Thursday, May 19, 2011

Penjelasan Agar Tidak Salah Kaprah

Ada yang mengelitik OM ketika sedang srufing di dunia maya terutama ketika surfing ke sebuah forum tetangga yang sedang membahas abs revo, blade atau vega zr. Pembahsan ini sebenernya sudah ada dari tahun 2009 dan OM berusaha meluruskan apa saja yang menyimpang agar tidak terjadi salah pemahaman. 

Berawal dari sebuah pernyataan seorang anggotanya (sebut saja dia "Mawar") yang terkesan asal bicara tanpa ada sumber yang jelas, pernyataannya adalah sebagai berikut "vega zr itu motor spek honda berlabel yamaha..... sengaja dilaunching hanya untuk menyetop perkembangan honda." , dari pernyataan tersebut, Yamaha Vega Zr bukanlah lah motor dengan spek Honda tapi bermerek Yamaha. Spek mesinnya berasal dari pihak Yamaha . Kemudian yang "sengaja dilaunching hanya untuk menyetop perkembangan Honda", kata-katanya kurang tepat karena tiap pabrikan melaunching produk barunya dengan sengaja memang untuk memberikan perlawanan produk lain dan berusaha mengambil alih pasar. Tidak hanya Yamaha saja tapi pabrikan lain juga seperti itu. Jadi si Mawar berusaha menjelek-jelekan Yamaha.


Pernyataan Si Mawar

Kemudian si Mawar berkata bahwa teknologi sasis Yamaha Vega Zr sama saja, memang hampir sama bahkan sekilas hanya beda pada panjang shockbreker belakang tapi pihak Hondalah yang mencontek habis-habisan teknologi sasis Yamaha.
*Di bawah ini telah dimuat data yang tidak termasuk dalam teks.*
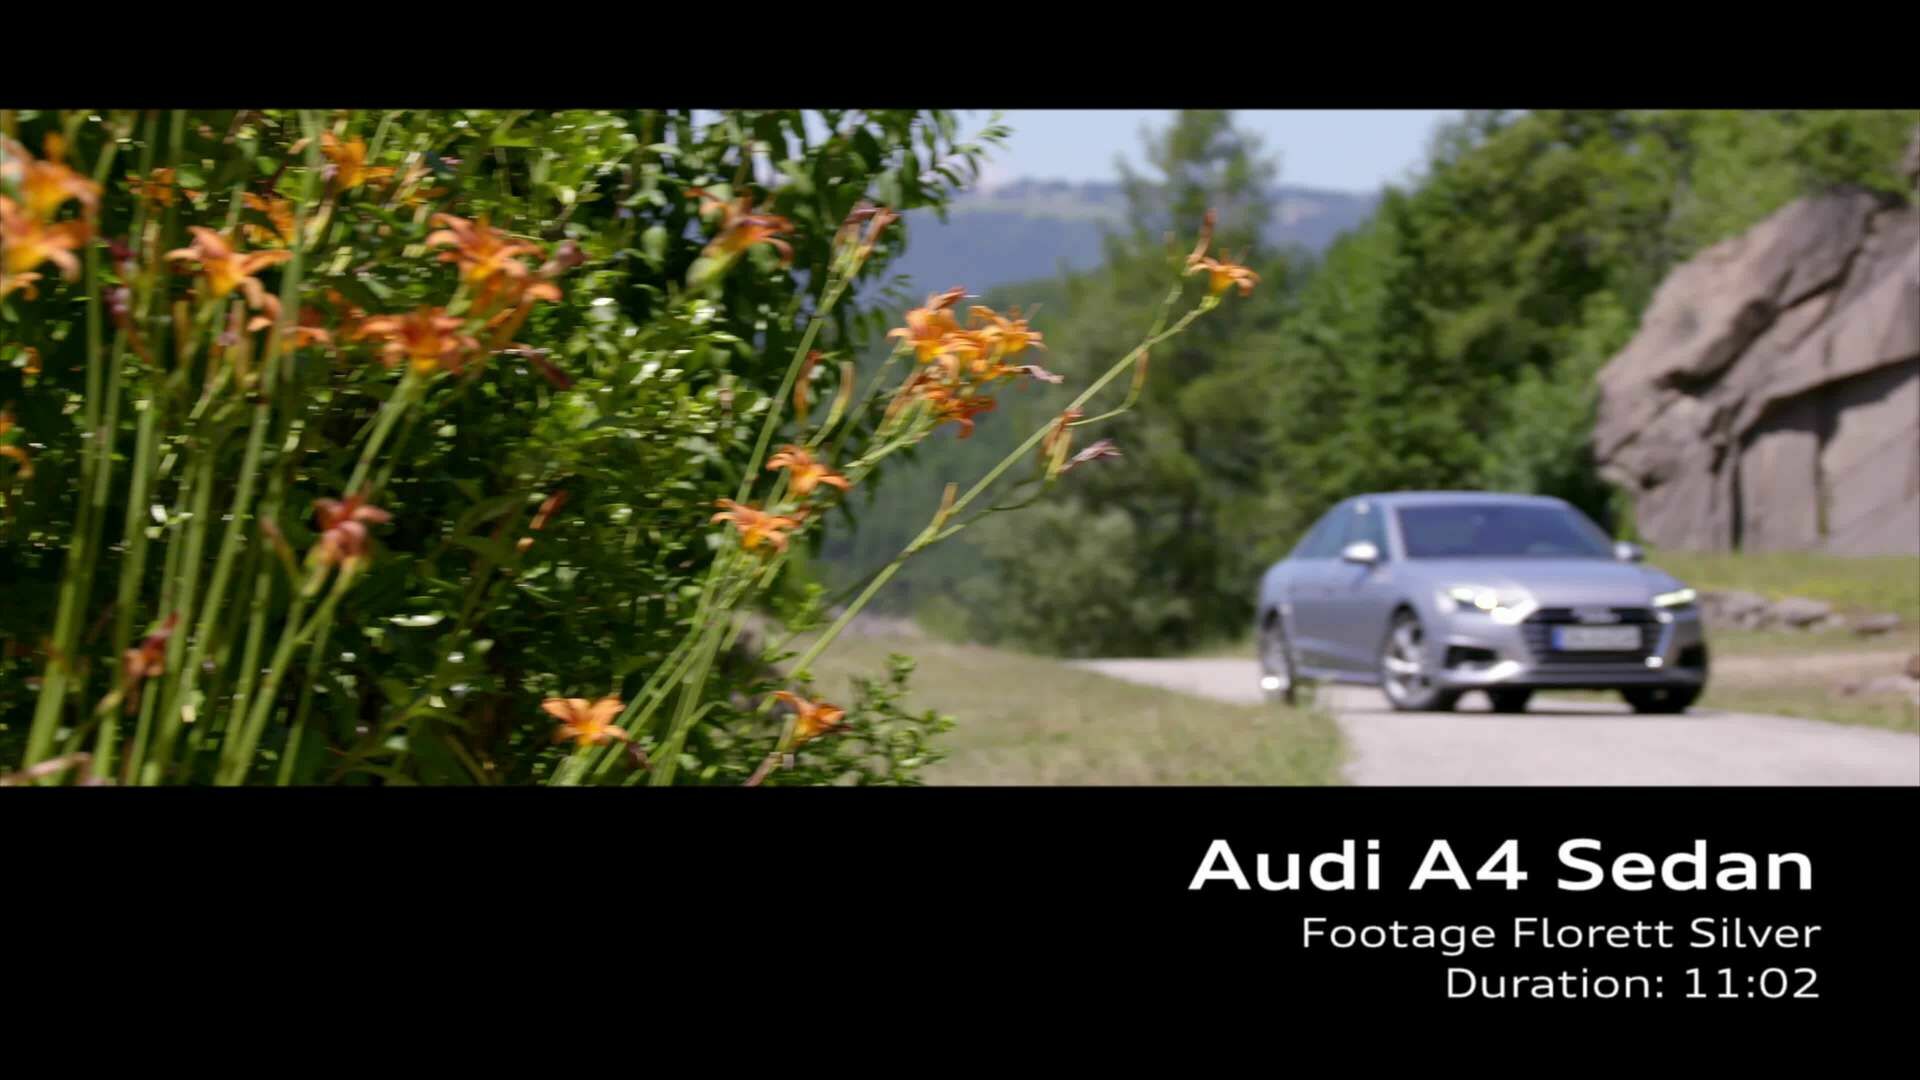 Audi A4 Limousine TFSI Florettsilber (Footage)

Ingat, Yamaha terkenal sebagai pembuat sasis dengan geometri yang paling baik, jadi kenapa Yamaha harus mencontek sasis dari Honda?Tidak ada untungnya. Kemudian pernyataan si Mawar tentang "Blade/absolute revo : 50bore x 55,5stroke = 109,3cc. vega zr : 50bore x 57,9stroke = 113,7cc (lihat bedanya cuman dari panjangnya stroke)" dari pernyataan tersebut terlihat jelas bahwa dia berusaha menjelek-jelekan Yamaha Vega Zr karena mengapdosi spek mesin yang hampir sama dan membangga-banggakan blade/abs revo yang menjadi trend setter. Kenapa harus bangga? Apa dia tidak sadar bahwa jika spek mesin blade/abs revo juga hampir sama dengan Suzuki Shogun 125?Spek mesin Suzuki Shogun 125 adalah 53,5mm x 55,5mm = 124,7cc. Lihat ukuran panjang strokenya, 55,5mm bro! Sama kan dengan panjang stroke blade / abs revo yang sama-sama 55,5mm?! Jadi kenapa si Mawar harus bangga?Toh spek blade/ abs revo juga hampir mirip dengan spek Shogun 125.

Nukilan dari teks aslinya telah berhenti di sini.